So we start with singularity. All the matter that composes the universe compressed into the size of a walnut (or so scientists speculate). And there is sat for some undetermined amount of time until it let go and expanded to the the size of the universe in a trillion trillionth of a second, moving faster than the speed of light (which is impossible but we won’t let details get in the way).

But if time and space didn’t exist yet, how do we know how big it was since there was no space to fill?

And how do we know how long it sat there unexpanded if time didn’t exist yet?

And why did it remain unexpanded for as long as it did?

Then why did it expand?

And where did it come from to begin with?

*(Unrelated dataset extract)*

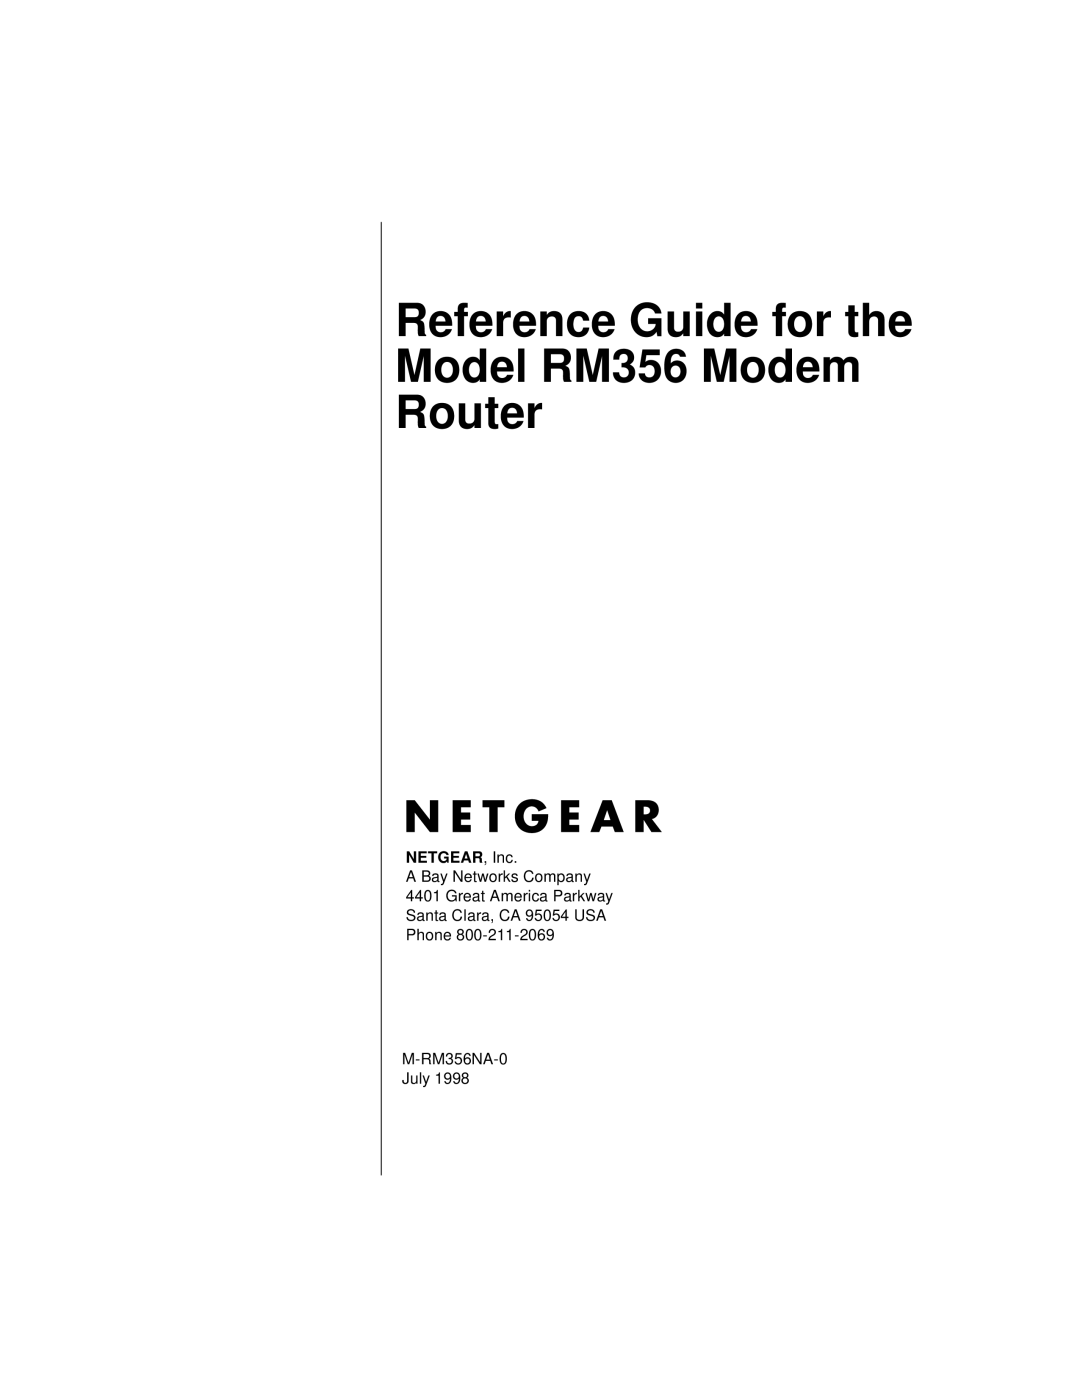 Bay Technical Associates manual Reference Guide for the Model RM356 Modem Router, NETGEAR, Inc 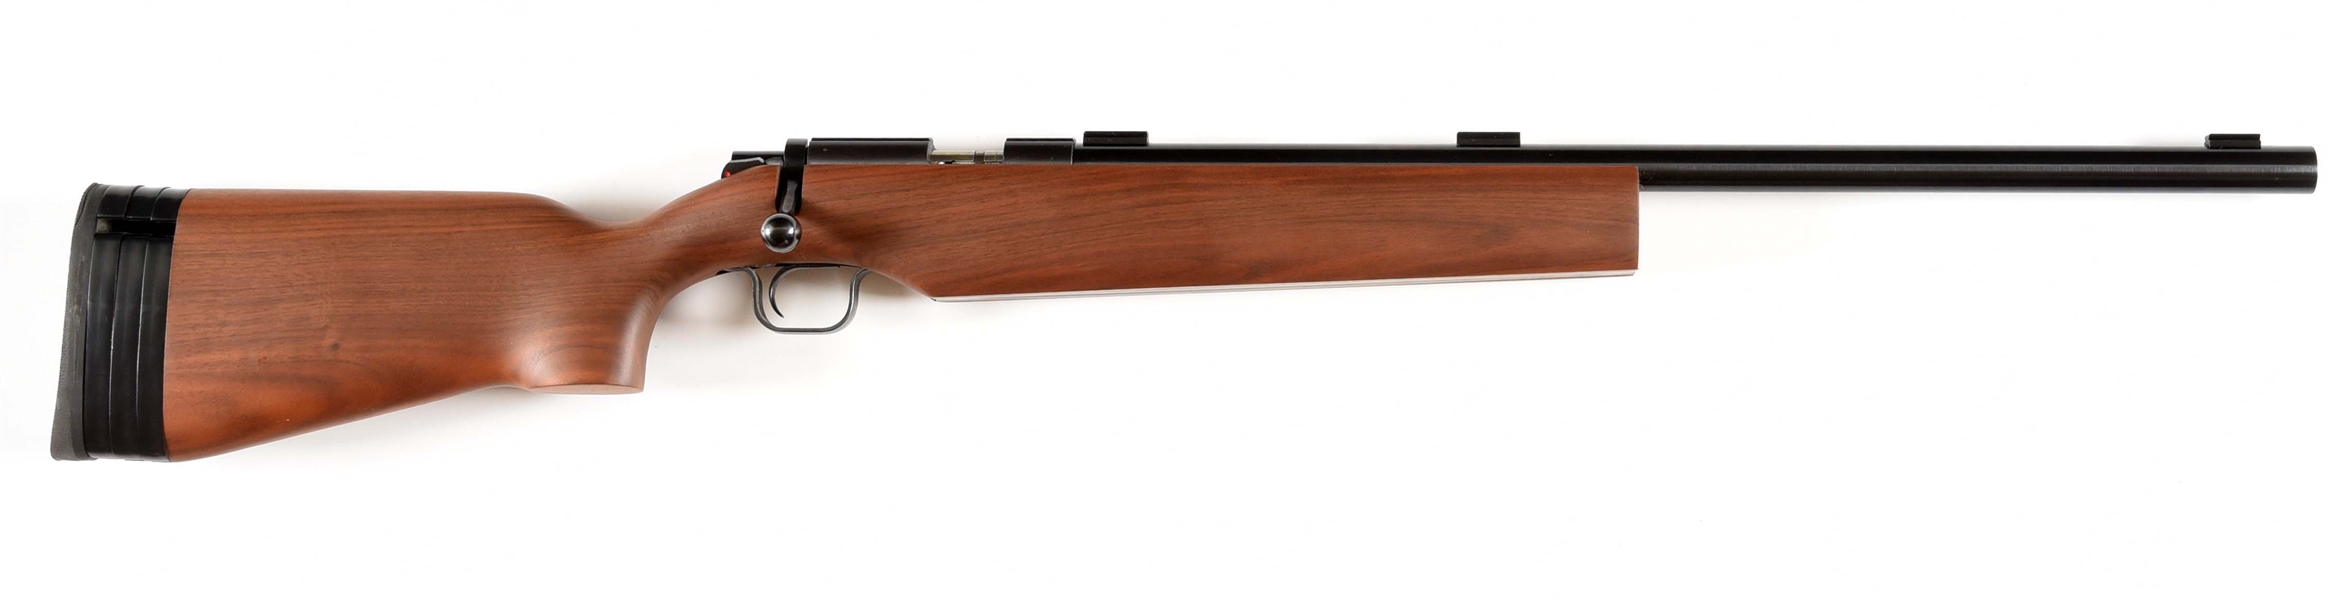 (M) KIMBER MODEL 82 GOVERNMENT BOLT ACTION RIFLE

If a simple black hole has enough gravitational pull that no light can escape it, then how did the gravitational pull of all the matter in the universe manage to let go and expand?

So this universe then assembled itself into an orderly law abiding system, in direct violation of the 2nd law of thermodynamics. So what caused the laws that operate it to be set up? And how can it violate those laws?

Then life allegedly arose from non-living material, all on its own, then evolving into a complex self-reproducing entities. Consciousness and thought, emotions and will, all had their origin from randomness and chaos.

This isn’t science either. Looking at the universe and rewinding backwards like a video tape is a pretty poor excuse. Not to mention that it’s not testable, not reproducible, not observable, can’t be run as an experiment in a lab.

And scientists mock creationists?


13 posted on 07/09/2007 4:31:18 PM PDT by metmom (Welfare was never meant to be a career choice.)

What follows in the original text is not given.